Reverse SIP: Creating a Regular Cash Flow with SWP
While an SIP is used to accumulate wealth, a Systematic Withdrawal Plan (SWP) is its functional opposite. It allows you to withdraw a fixed amount of money from your mutual fund corpus at regular intervals (monthly, quarterly, or annually). For retirees or those looking for a secondary income stream in India, SWP is often superior to traditional Fixed Deposits (FDs) due to its higher tax efficiency and flexibility.
The Tax Advantage of SWP
In a Fixed Deposit, the entire interest earned is taxable as per your income slab. In an SWP, only the 'capital gains' portion of the withdrawal is taxed. For example, if you withdraw ₹10,000 and the profit portion in that is only ₹2,000, you only pay tax on that ₹2,000. If held for more than a year in equity funds, you benefit from LTCG rates, which are significantly lower than high-income tax slabs.
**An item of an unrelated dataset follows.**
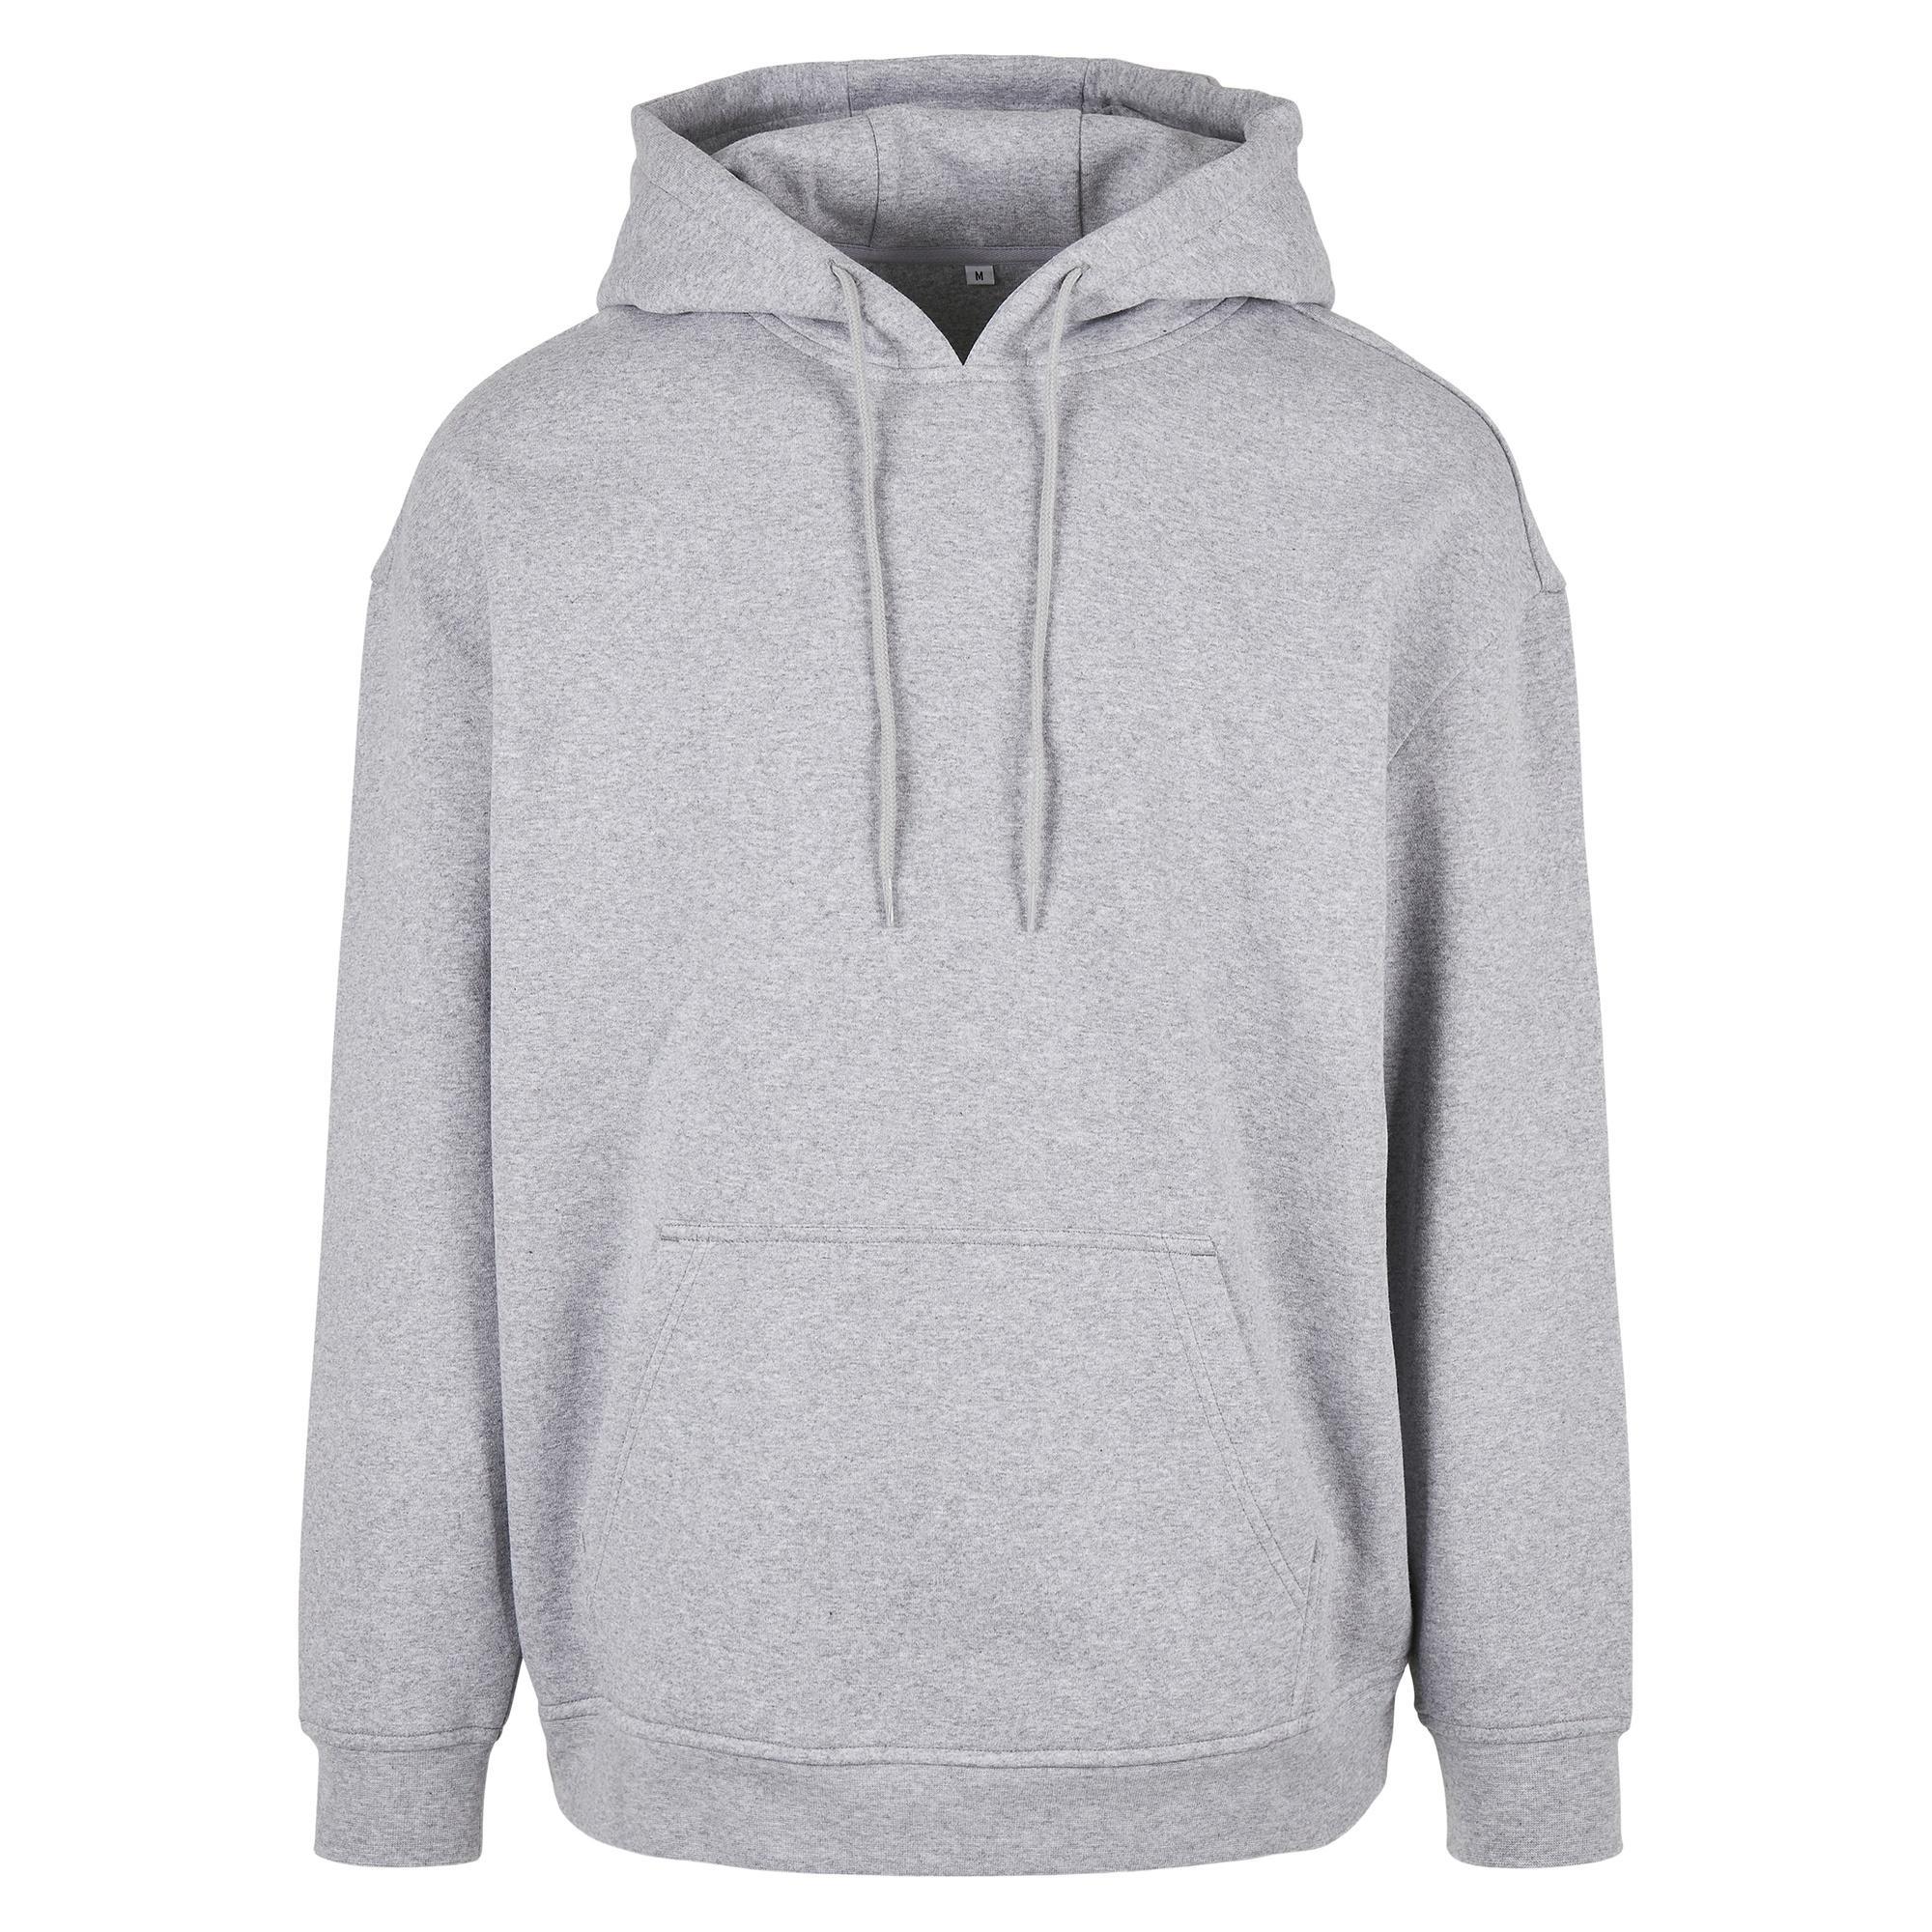 Build Your Brand Mens Basic Oversized Hoodie (Heather Grey) (XS)

Managing Market Volatility
A key strategy for a successful SWP is choosing the right fund. Most financial planners recommend starting an SWP from 'Hybrid' or 'Debt' funds rather than pure 'Small Cap' funds to avoid withdrawing large chunks of units during market downturns. This ensures your remaining corpus continues to grow while providing you with the necessary liquidity.